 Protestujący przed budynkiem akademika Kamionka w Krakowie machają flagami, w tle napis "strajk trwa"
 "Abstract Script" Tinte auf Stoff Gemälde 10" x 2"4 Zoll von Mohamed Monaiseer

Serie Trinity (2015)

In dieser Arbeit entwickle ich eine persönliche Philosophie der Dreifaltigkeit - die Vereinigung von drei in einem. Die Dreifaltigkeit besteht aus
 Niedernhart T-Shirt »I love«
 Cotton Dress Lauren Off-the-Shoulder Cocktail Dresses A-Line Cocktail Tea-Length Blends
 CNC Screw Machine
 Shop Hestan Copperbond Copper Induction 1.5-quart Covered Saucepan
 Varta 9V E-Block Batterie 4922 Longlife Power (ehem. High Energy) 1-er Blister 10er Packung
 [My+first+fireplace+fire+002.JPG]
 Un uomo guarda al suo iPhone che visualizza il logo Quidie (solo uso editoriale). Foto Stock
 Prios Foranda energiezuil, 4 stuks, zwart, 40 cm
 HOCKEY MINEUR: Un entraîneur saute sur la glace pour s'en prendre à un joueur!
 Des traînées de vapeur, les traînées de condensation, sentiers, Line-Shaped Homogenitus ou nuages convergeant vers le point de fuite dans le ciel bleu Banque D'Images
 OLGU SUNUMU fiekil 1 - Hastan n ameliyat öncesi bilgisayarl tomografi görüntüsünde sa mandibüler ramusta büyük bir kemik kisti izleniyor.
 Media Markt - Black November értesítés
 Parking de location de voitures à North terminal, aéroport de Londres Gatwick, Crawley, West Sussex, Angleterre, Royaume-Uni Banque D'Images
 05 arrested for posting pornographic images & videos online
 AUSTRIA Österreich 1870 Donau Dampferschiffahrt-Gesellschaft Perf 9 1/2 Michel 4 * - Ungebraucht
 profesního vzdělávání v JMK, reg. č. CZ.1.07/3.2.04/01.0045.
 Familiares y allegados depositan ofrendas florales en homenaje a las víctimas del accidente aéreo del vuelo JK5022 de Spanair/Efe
┄┄┄┄┄┄
## Problem
With the line containing "profesního vzdělávání v" as the last one, please set down exactly the lines of the records above from their very first line, and nothing more.

## Result
 Protestujący przed budynkiem akademika Kamionka w Krakowie machają flagami, w tle napis "strajk trwa"
 "Abstract Script" Tinte auf Stoff Gemälde 10" x 2"4 Zoll von Mohamed Monaiseer

Serie Trinity (2015)

In dieser Arbeit entwickle ich eine persönliche Philosophie der Dreifaltigkeit - die Vereinigung von drei in einem. Die Dreifaltigkeit besteht aus
 Niedernhart T-Shirt »I love«
 Cotton Dress Lauren Off-the-Shoulder Cocktail Dresses A-Line Cocktail Tea-Length Blends
 CNC Screw Machine
 Shop Hestan Copperbond Copper Induction 1.5-quart Covered Saucepan
 Varta 9V E-Block Batterie 4922 Longlife Power (ehem. High Energy) 1-er Blister 10er Packung
 [My+first+fireplace+fire+002.JPG]
 Un uomo guarda al suo iPhone che visualizza il logo Quidie (solo uso editoriale). Foto Stock
 Prios Foranda energiezuil, 4 stuks, zwart, 40 cm
 HOCKEY MINEUR: Un entraîneur saute sur la glace pour s'en prendre à un joueur!
 Des traînées de vapeur, les traînées de condensation, sentiers, Line-Shaped Homogenitus ou nuages convergeant vers le point de fuite dans le ciel bleu Banque D'Images
 OLGU SUNUMU fiekil 1 - Hastan n ameliyat öncesi bilgisayarl tomografi görüntüsünde sa mandibüler ramusta büyük bir kemik kisti izleniyor.
 Media Markt - Black November értesítés
 Parking de location de voitures à North terminal, aéroport de Londres Gatwick, Crawley, West Sussex, Angleterre, Royaume-Uni Banque D'Images
 05 arrested for posting pornographic images & videos online
 AUSTRIA Österreich 1870 Donau Dampferschiffahrt-Gesellschaft Perf 9 1/2 Michel 4 * - Ungebraucht
 profesního vzdělávání v JMK, reg. č. CZ.1.07/3.2.04/01.0045.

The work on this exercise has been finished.